▶ Your goal
The answer is the line containing "Гостиный двор в" plus every line after it to the end of the material, retyped exactly and without the pictures.

▶ Data section
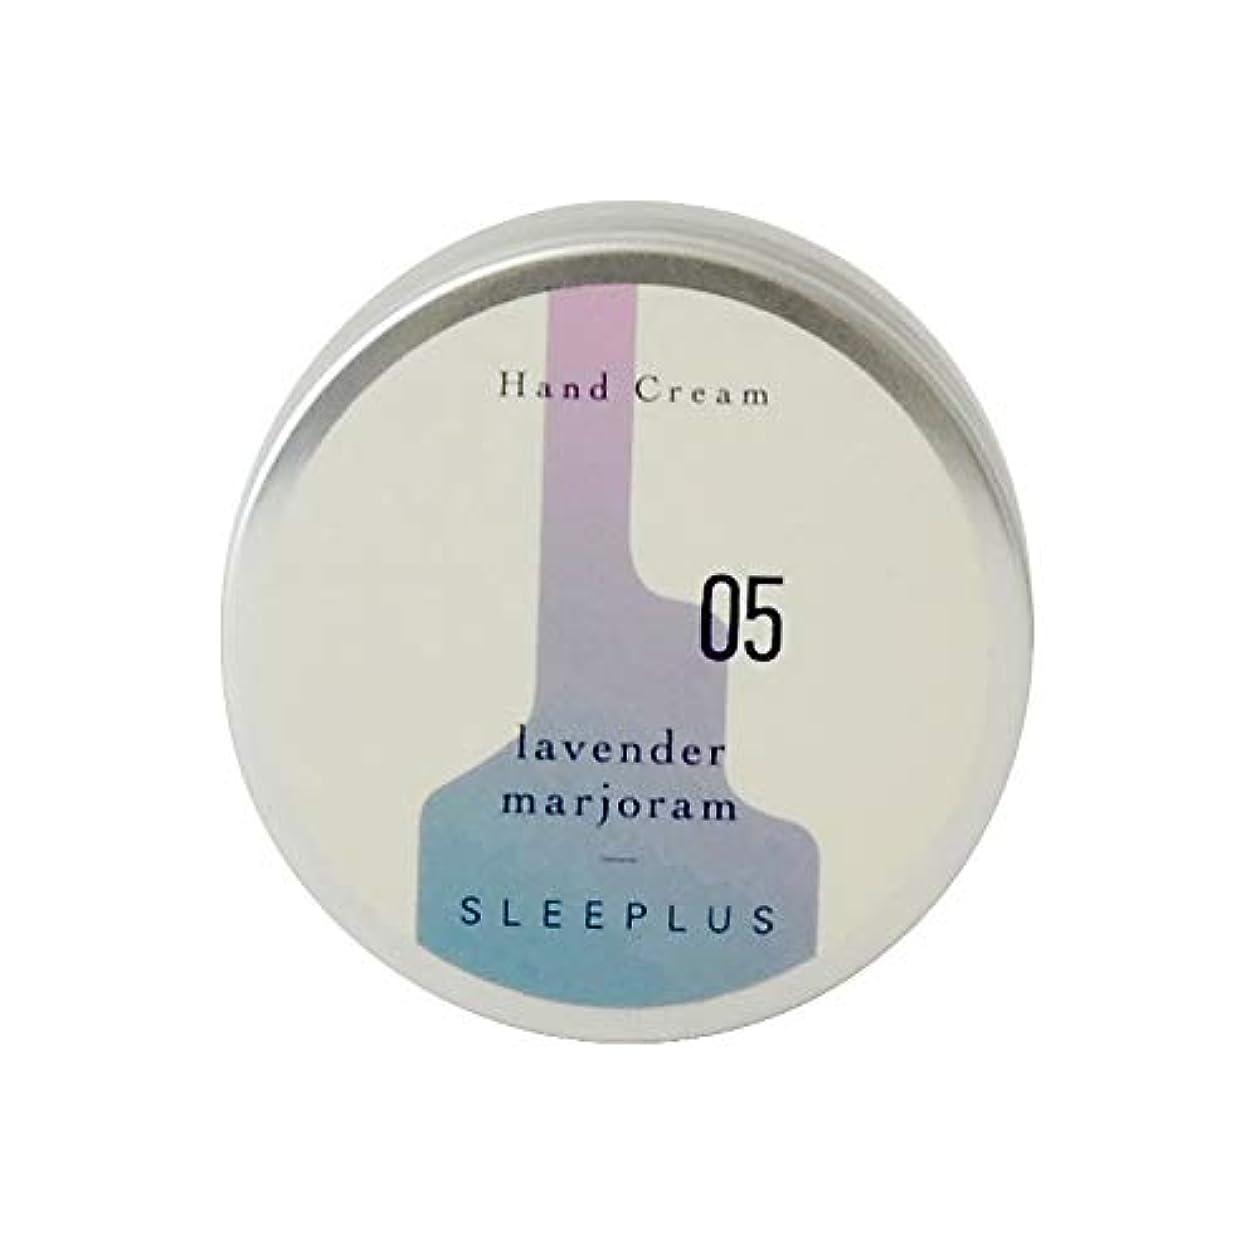 ヒギンズ画家異邦人Heavenly Aroom ハンドクリーム SLEEPLUS 05 ラベンダーマージョラム 75g
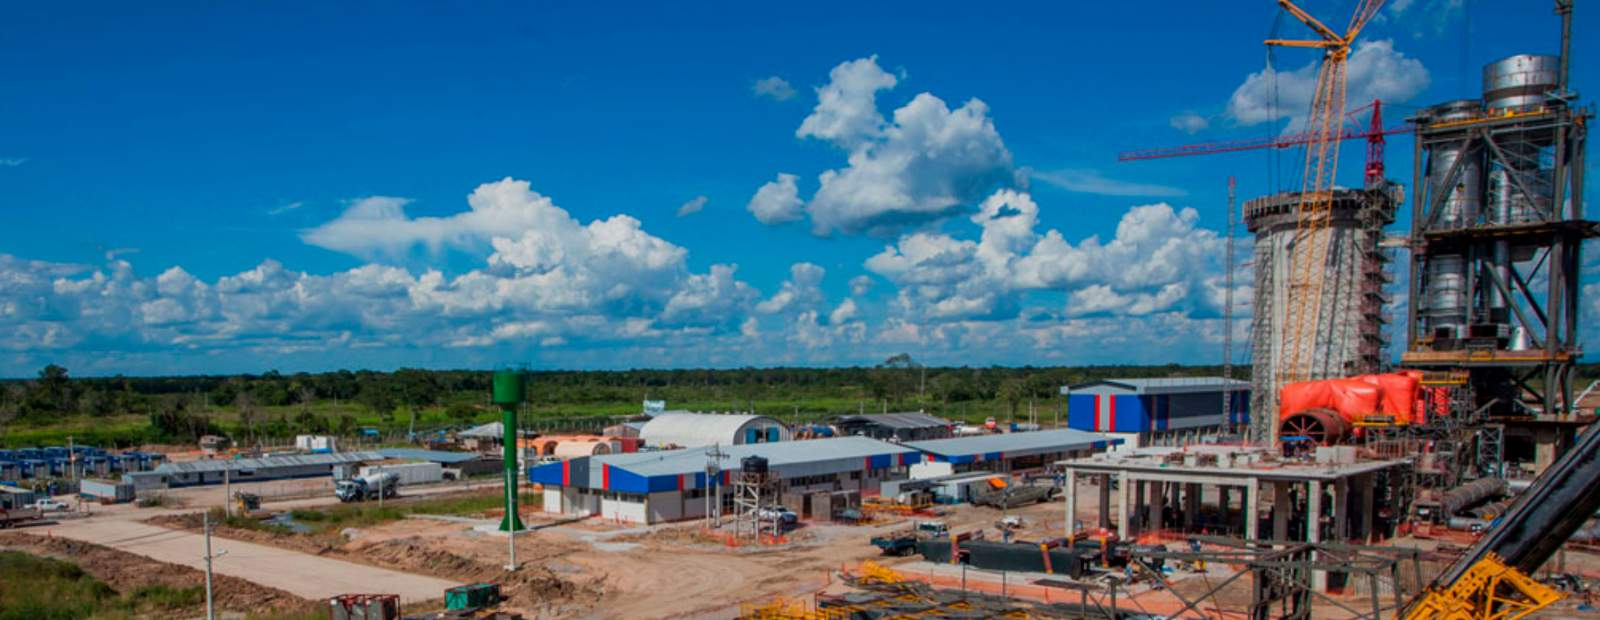 itacamba-cemento-s-a-santa-cruz-bolivia-3-proyecto-saxum-mineria-industria-construccion-empresas-ingenieria-argentina-litio-cementera
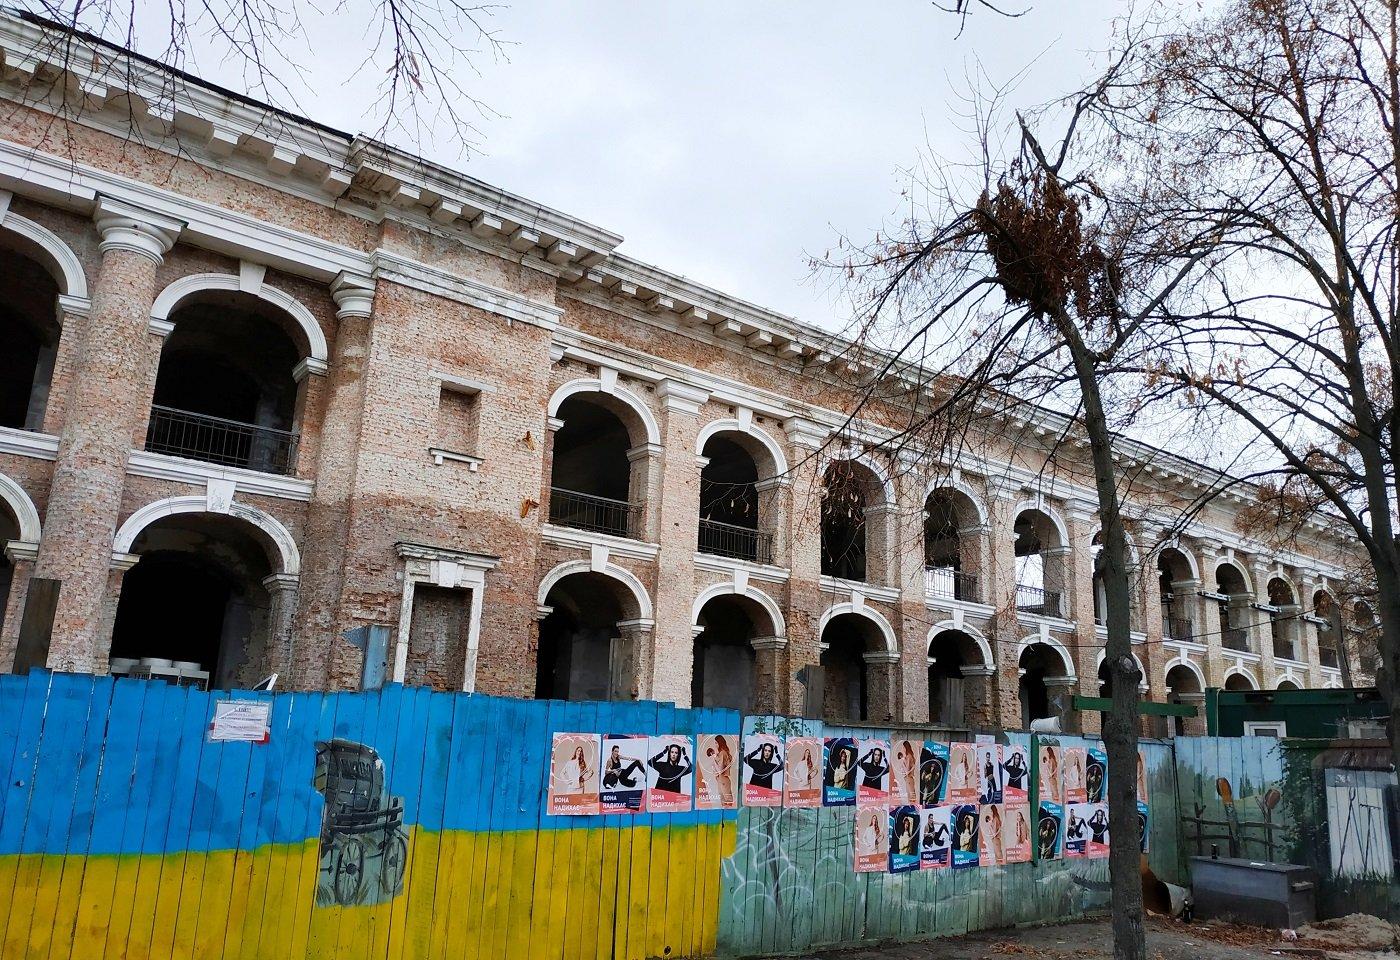 Гостиный двор в Киеве, Фото:  Jinma Owa
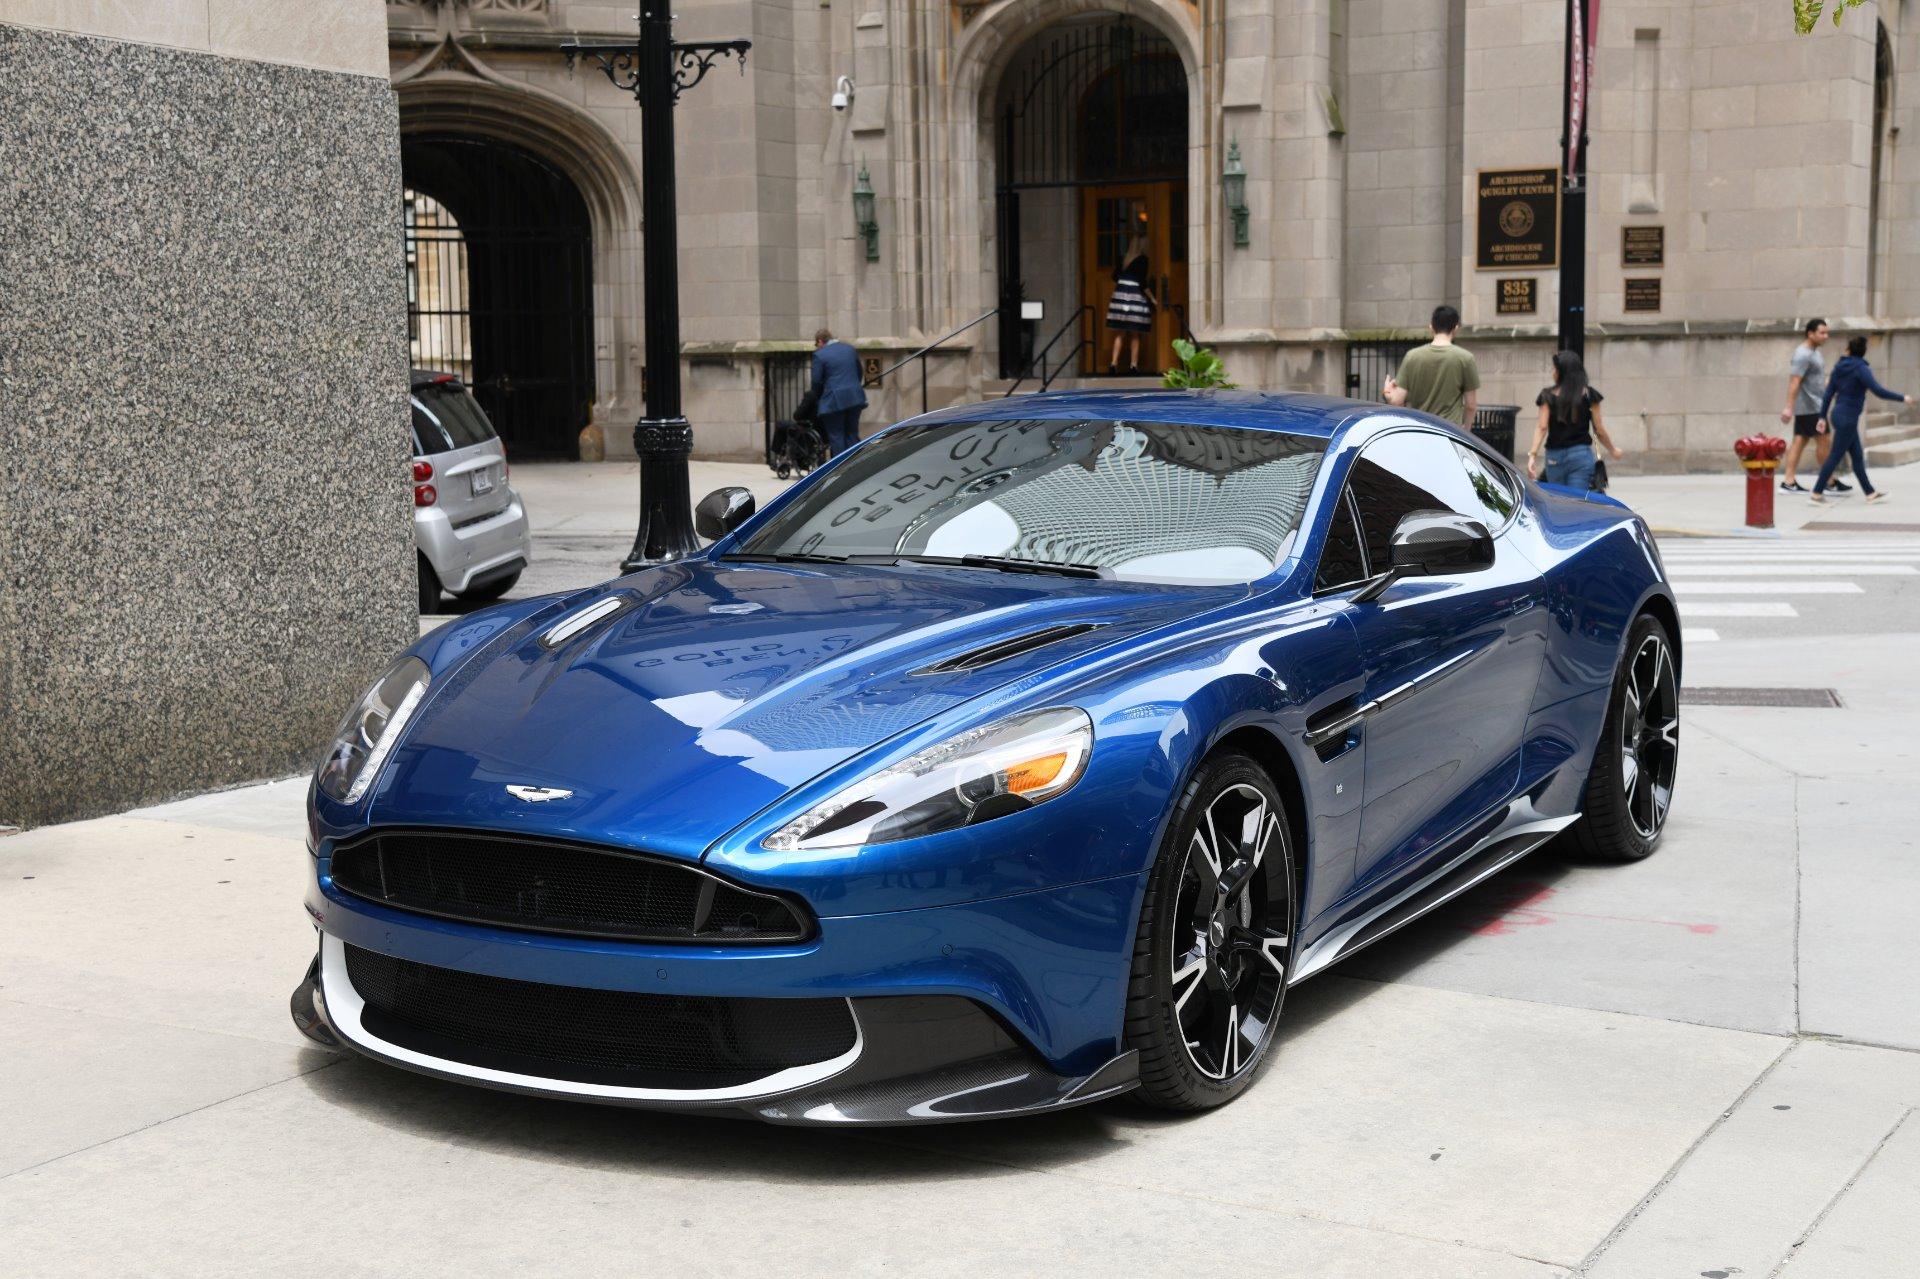 2018 Aston Martin Vanquish S Stock 03775 For Sale Near Chicago Il Il Aston Martin Dealer

▶ Task solution
 Гостиный двор в Киеве, Фото:  Jinma Owa
 2018 Aston Martin Vanquish S Stock 03775 For Sale Near Chicago Il Il Aston Martin Dealer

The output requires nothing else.